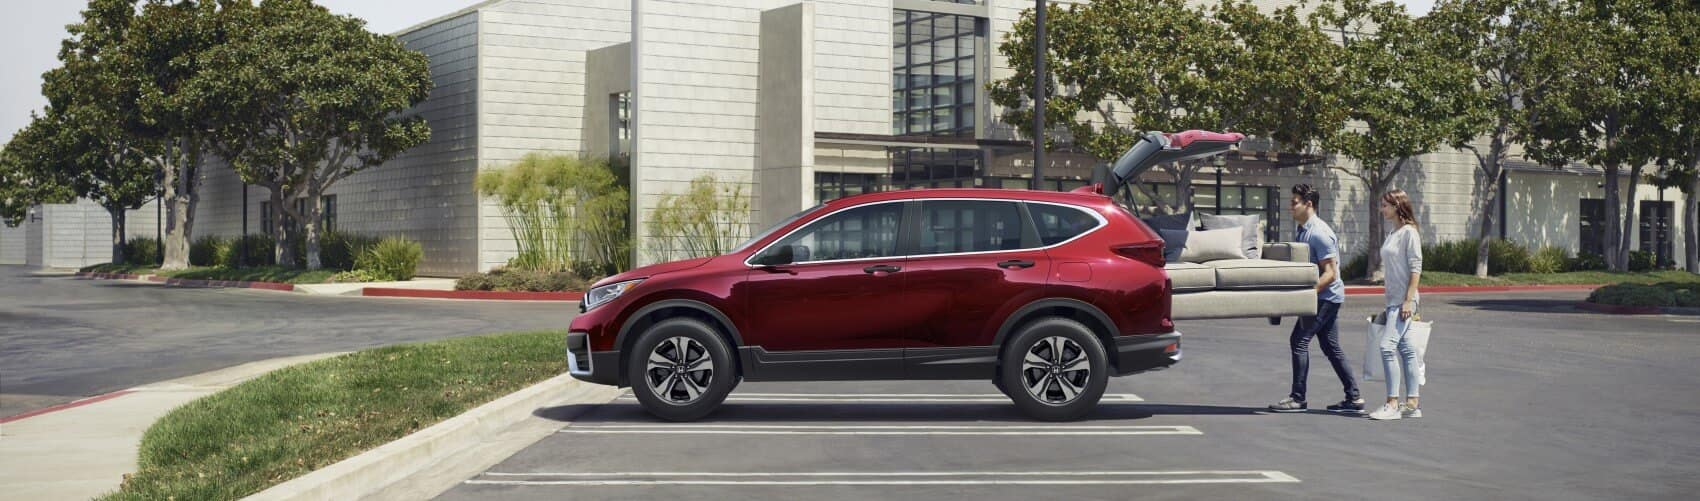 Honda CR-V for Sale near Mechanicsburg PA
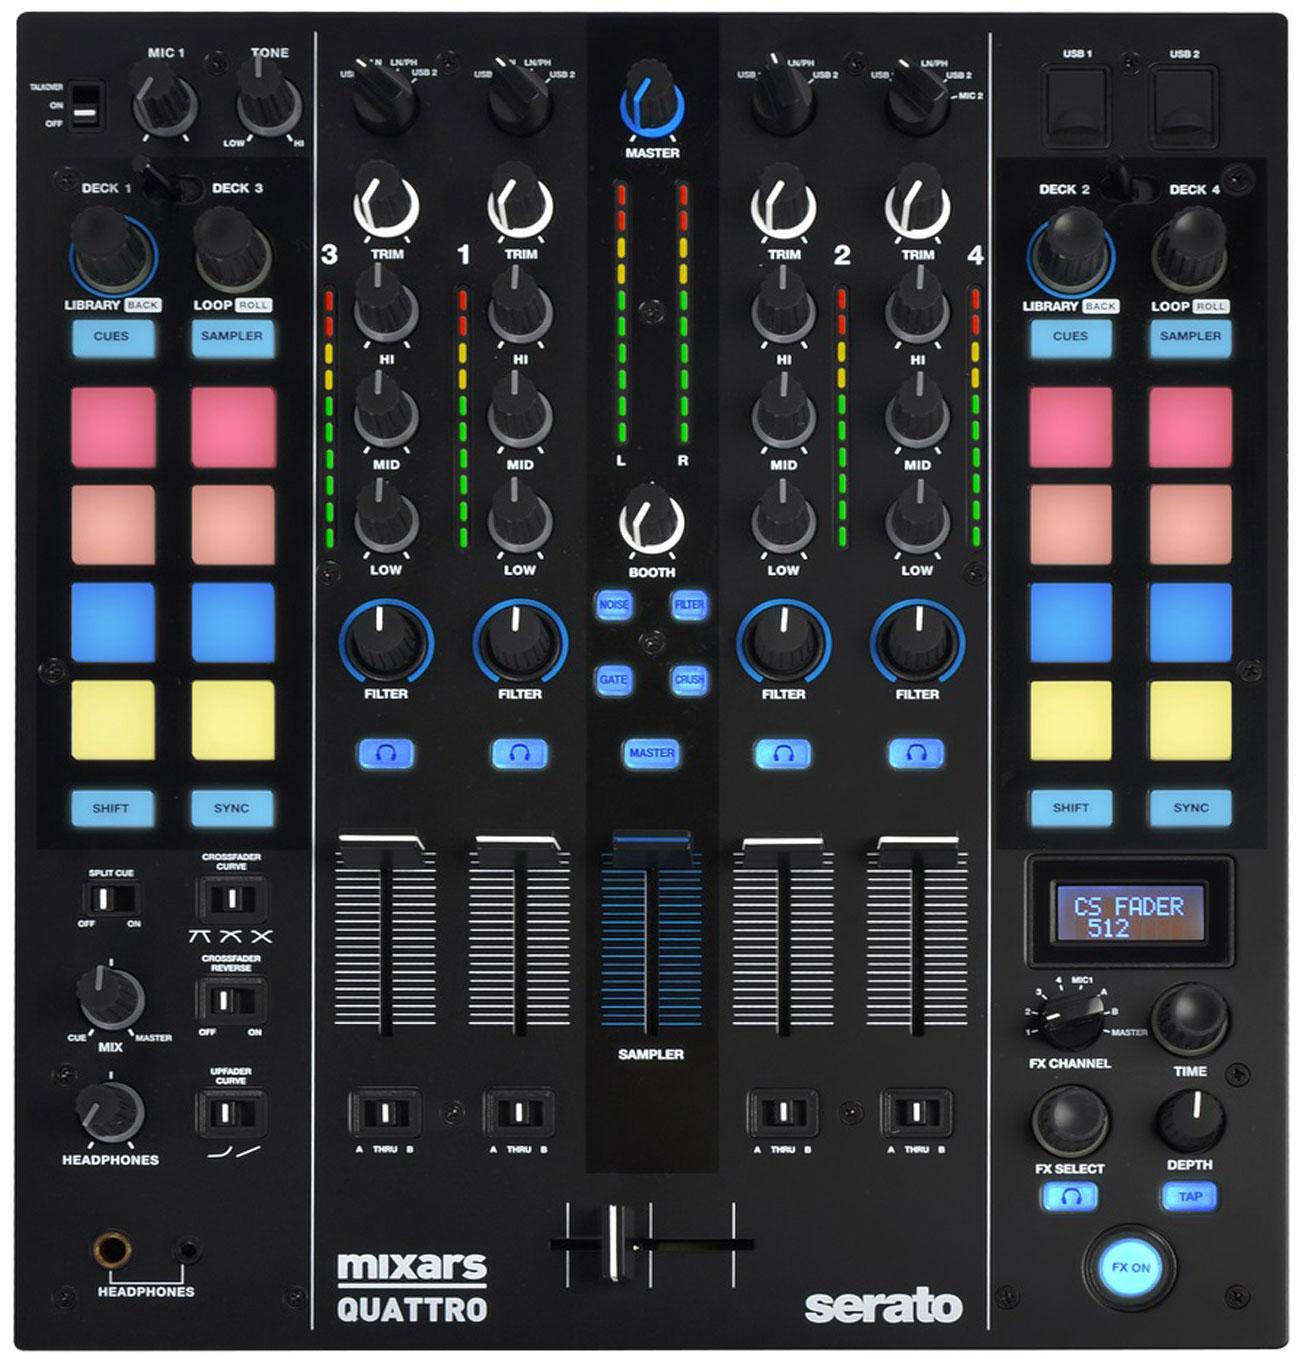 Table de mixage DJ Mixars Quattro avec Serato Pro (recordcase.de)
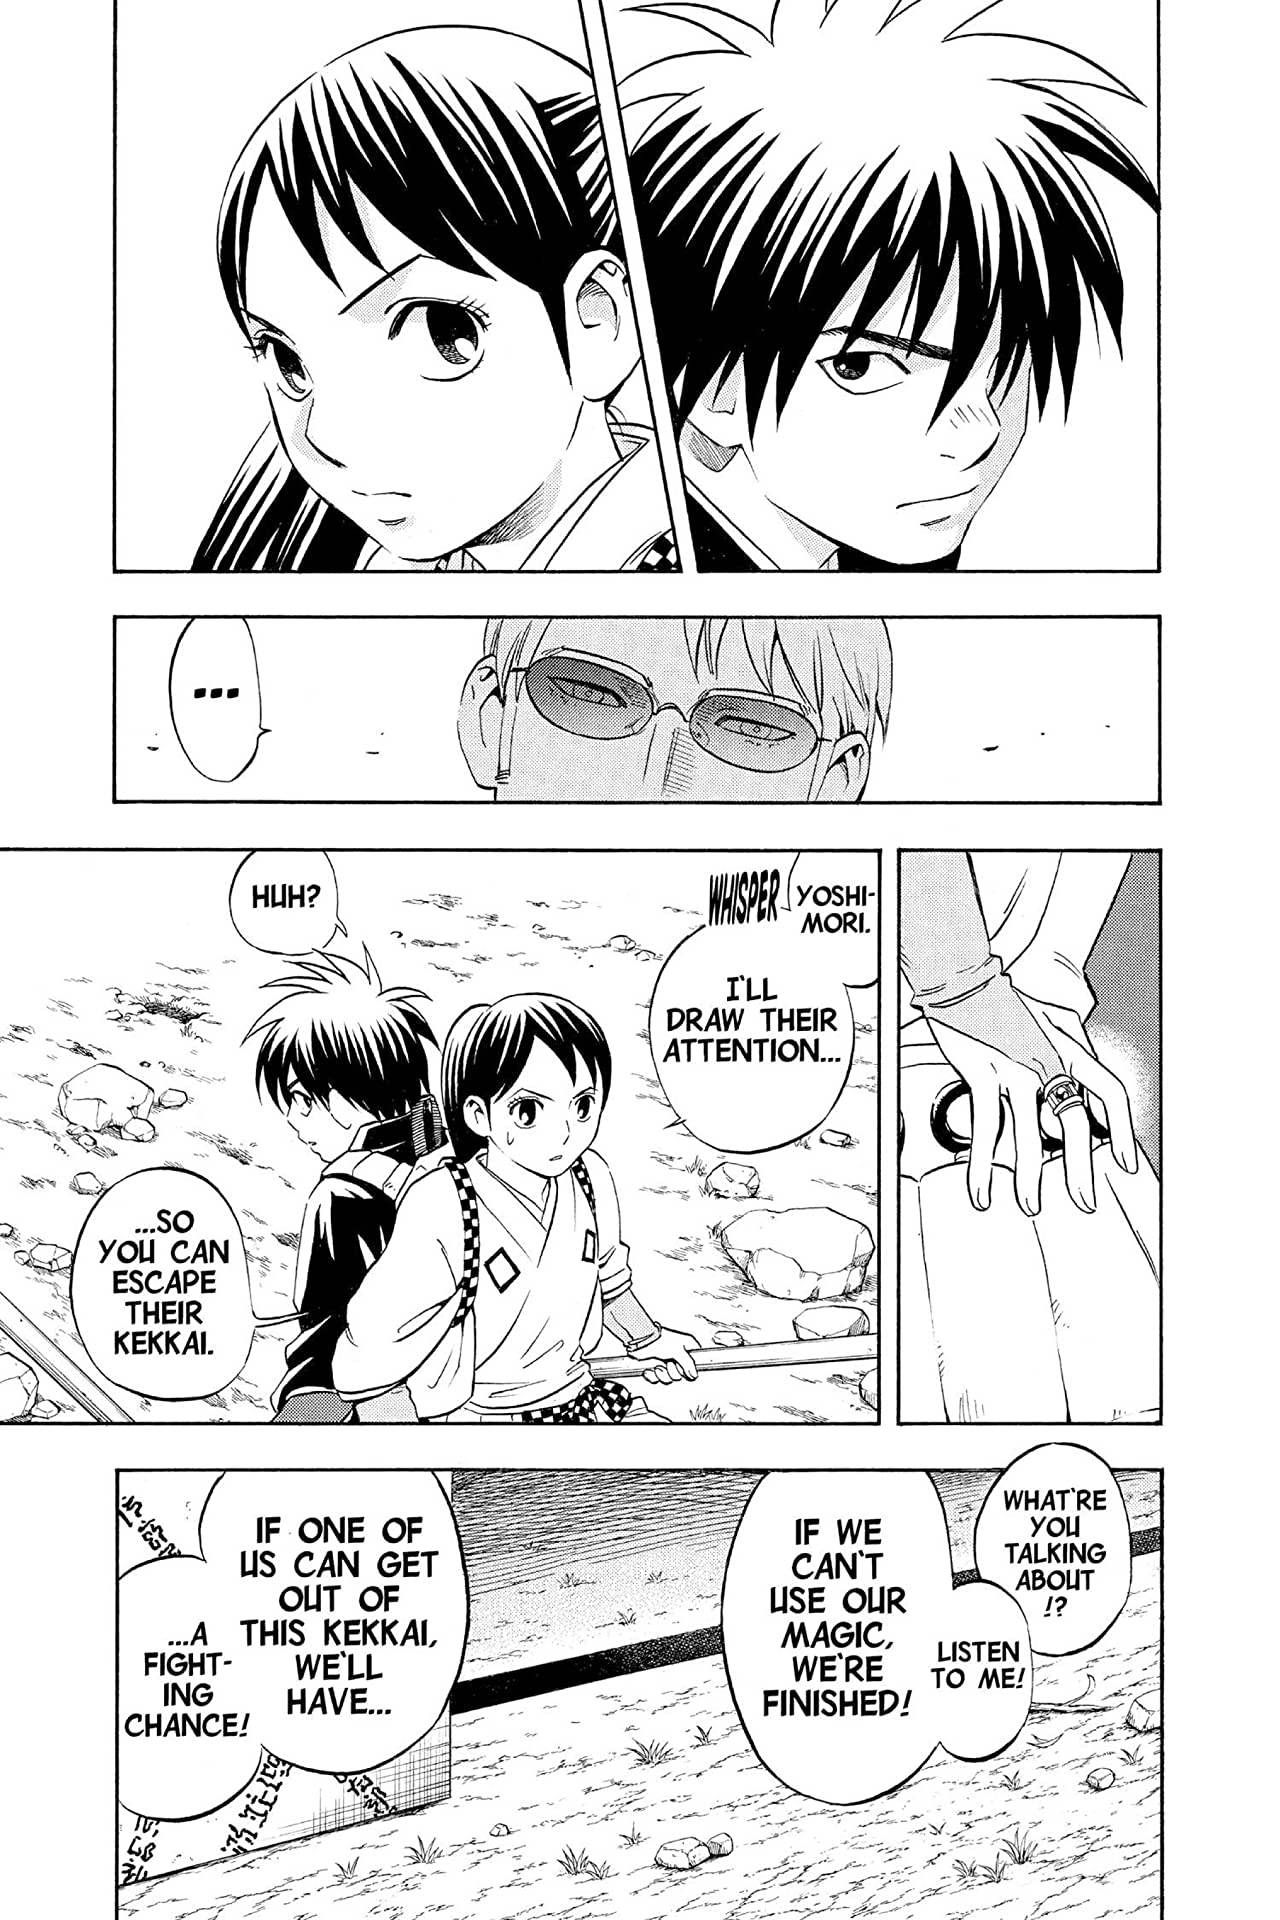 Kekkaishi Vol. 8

◆ ◆ ◆ ◆ ◆ ◆ ◆

(Problem) Locate "Table de mixage" in the listing above, then print exactly the lines from that line through the final one, omitting all pictures.

(Written response)
 Table de mixage DJ Mixars Quattro avec Serato Pro (recordcase.de)
 Kekkaishi Vol. 8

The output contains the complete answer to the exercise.